PRAIRIE COLORFIELD captures and reimagines fragments of the landscape we inhabit as a reminder of the loss of native prairie. The color field on the walls, Acres of Blooms, is made from botanical pigments. The abstracted landscape painting references a time when prairies occupied two-thirds of the midwestern landscape, rich in biodiversity, a holistic interconnected ecosystem of healthy soil, abundant flora, and myriads of bees and butterflies.

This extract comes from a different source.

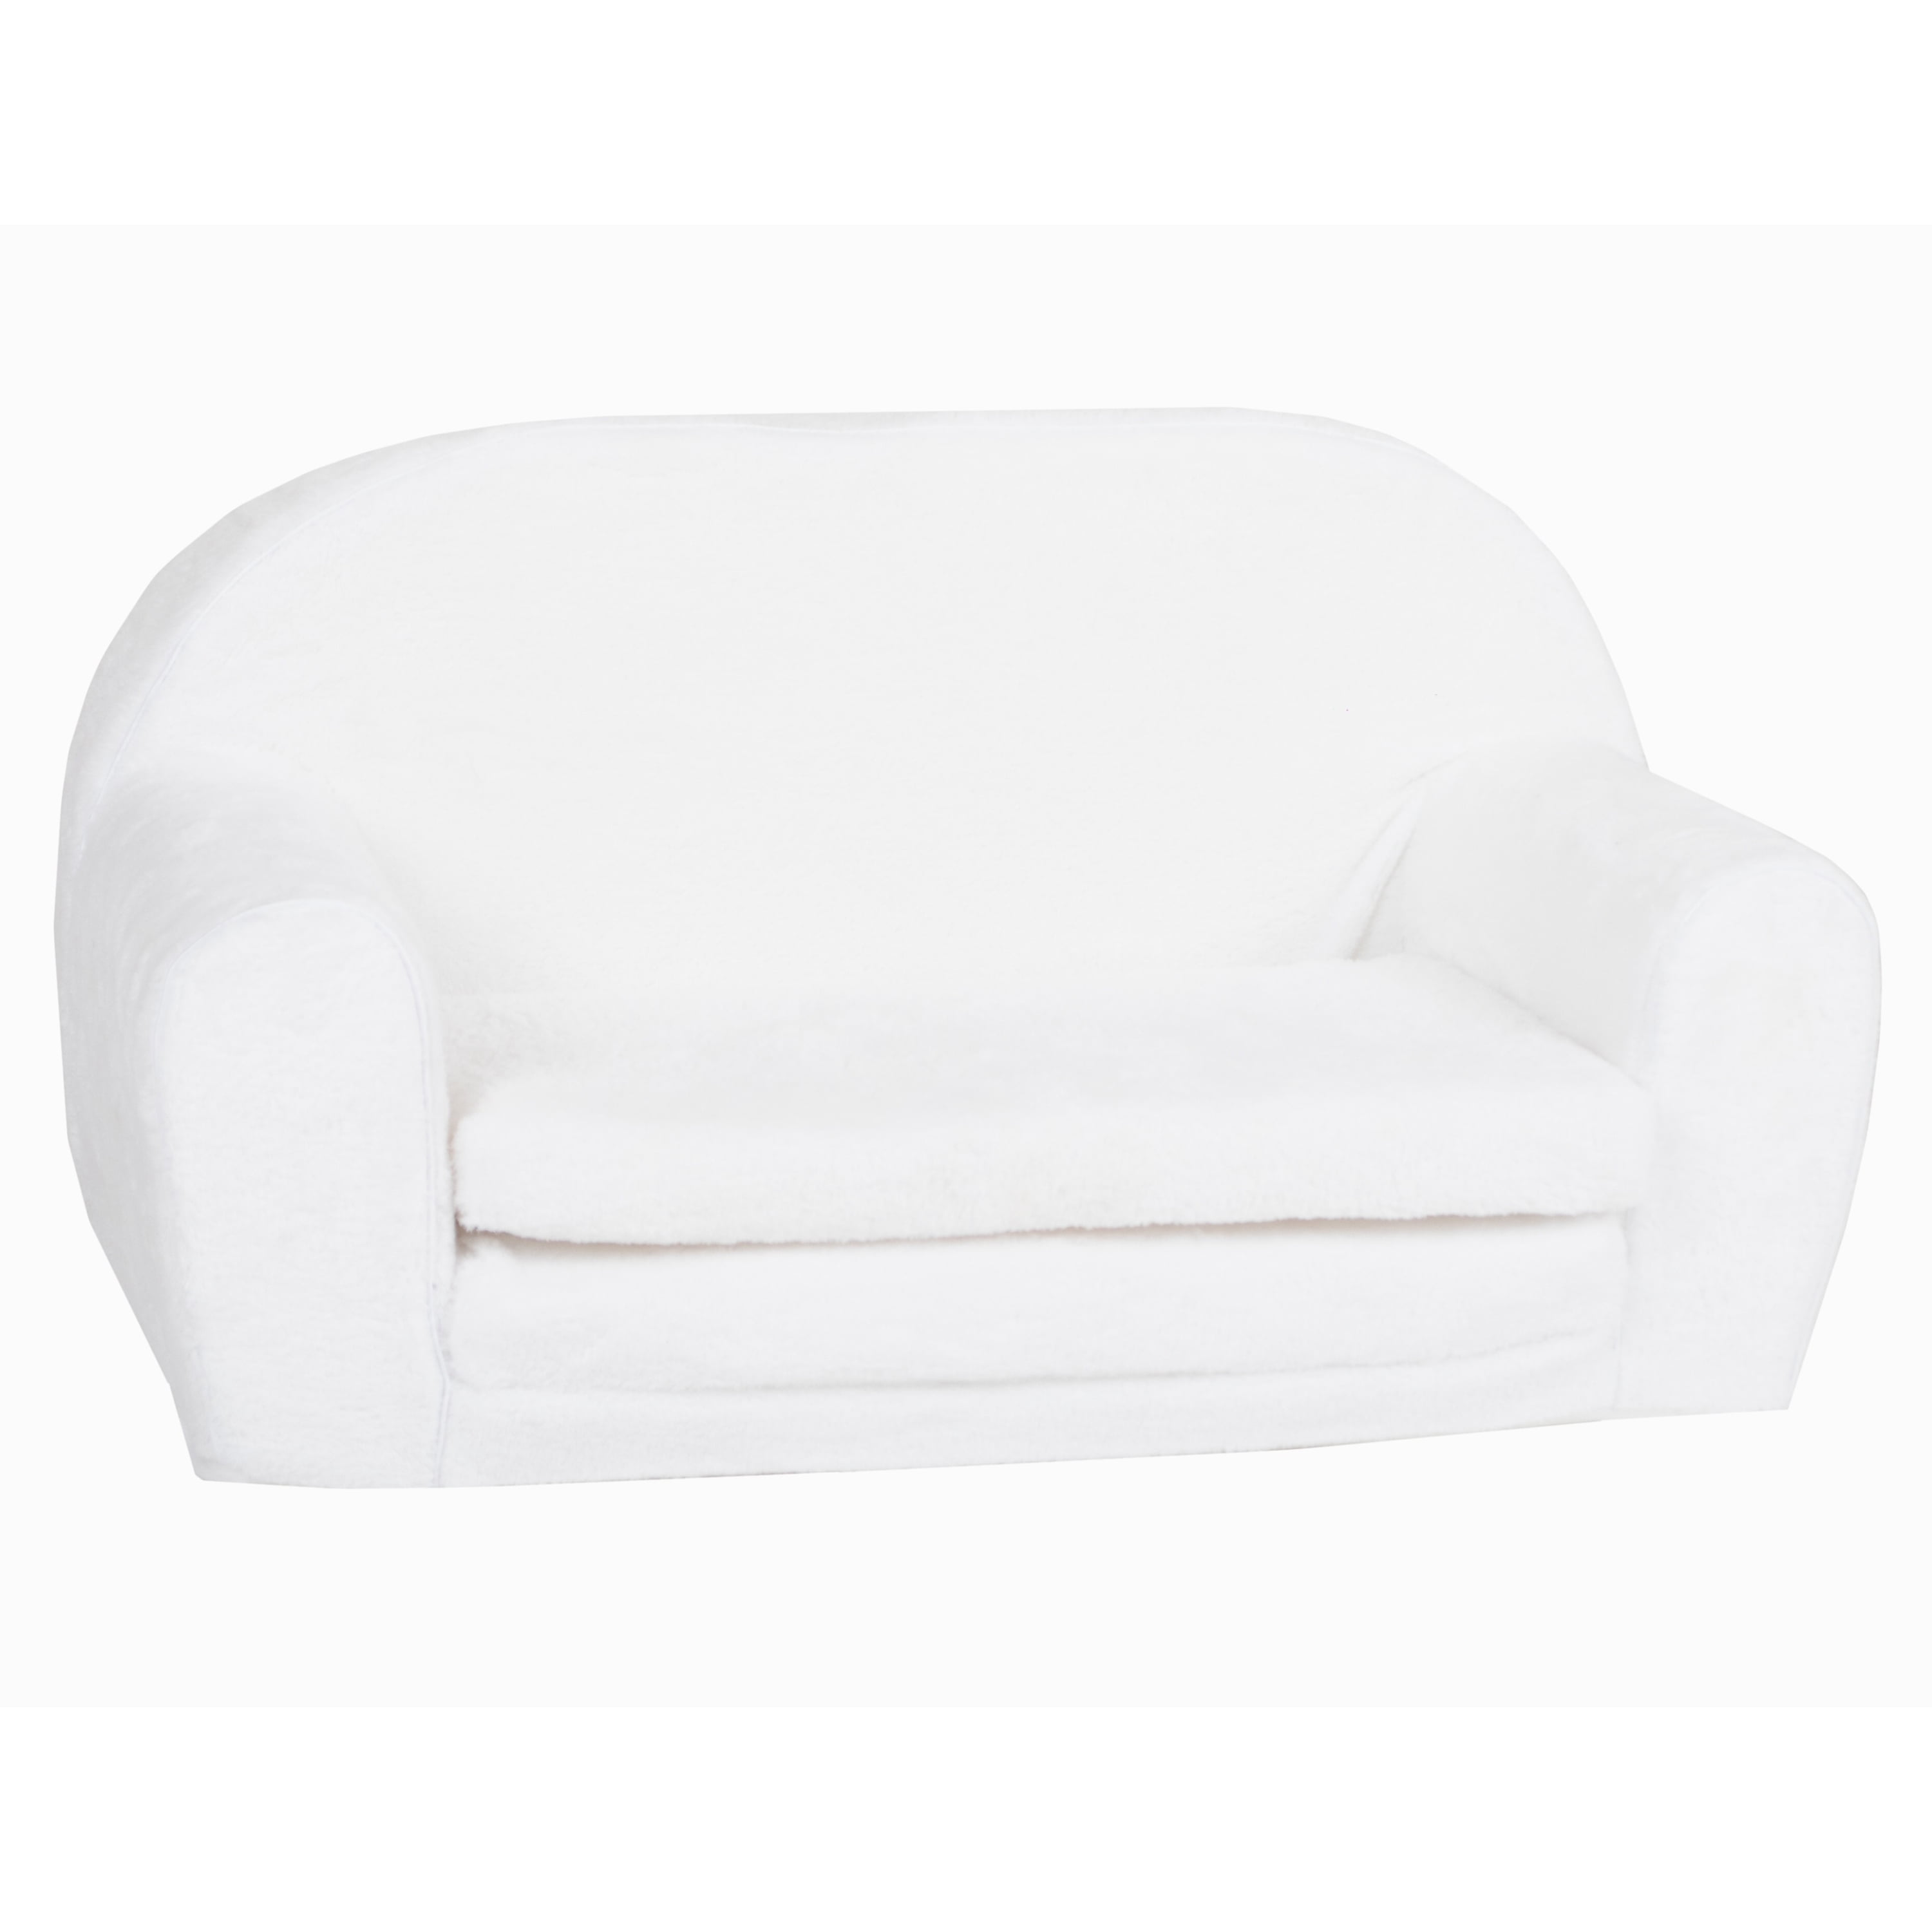 Couch 2 - Couch Made - (White Sofa, European Kids Flip DELSIT & Kids Kids Lounge fold Sofa Double - Comfy Out Fur) Sofa Children\'s Folding Faux Toddler Foam Open 1 in

The interactive work, Extraction, is a mound of sand and botanicals. Visitors are invited to choose from the color spectrum of the botanicals to add botanicals to the mound. The work represents that prairie that has been removed to make way for construction, destruction, and other changes to the land. By visitors adding to Extraction, they acknowledge their daily participation in the changes to the land. As an exchange they are encouraged to plant pollinator seeds.

The first iteration of Acres of Bloom was created as part of Lost & Found, a group exhibition at the Chicago Botanic Garden (2024). The work came alive as part of an effort to raise awareness of the science involved in prairie preservation. The botanicals used were collected by a group of volunteers at the Chicago Botanic Garden. The new iteration uses the remainder of those materials in combination with Black-eye Susan, handpicked along train tracks during last summer and pine needles sourced from repurposed Christmas trees. This project is unique and an expression of our curiosity of the natural world, its color palette and materiality. Prairie Colorfield is not archival, to live with it is like observing an evolving painterly experience that changes like our landscape in seasons.


Acres of Blooms
Botanical pigments on hardboard or canvas
An abstracted landscape painting of botanical hues creating the illusion of an expansive vista and re-imagining the lost views across the Midwest.

Extraction is a sculptural mound made of sand and botanicals.
Extraction and construction is an everyday sight that alludes to progress and development– for example, the recent destruction of Bell Bowl Prairie that prioritized transportation needs over the stewardship of land and sustainability. This work is a reminder of the loss of our native landscape.

Prairie Spectrum, 2024
137 x 3′ glass beakers on wall pedestal, botanicals, distilled water
A series of glass beakers that act like a seed bank conserving the color spectrum specific to our midwestern landscape.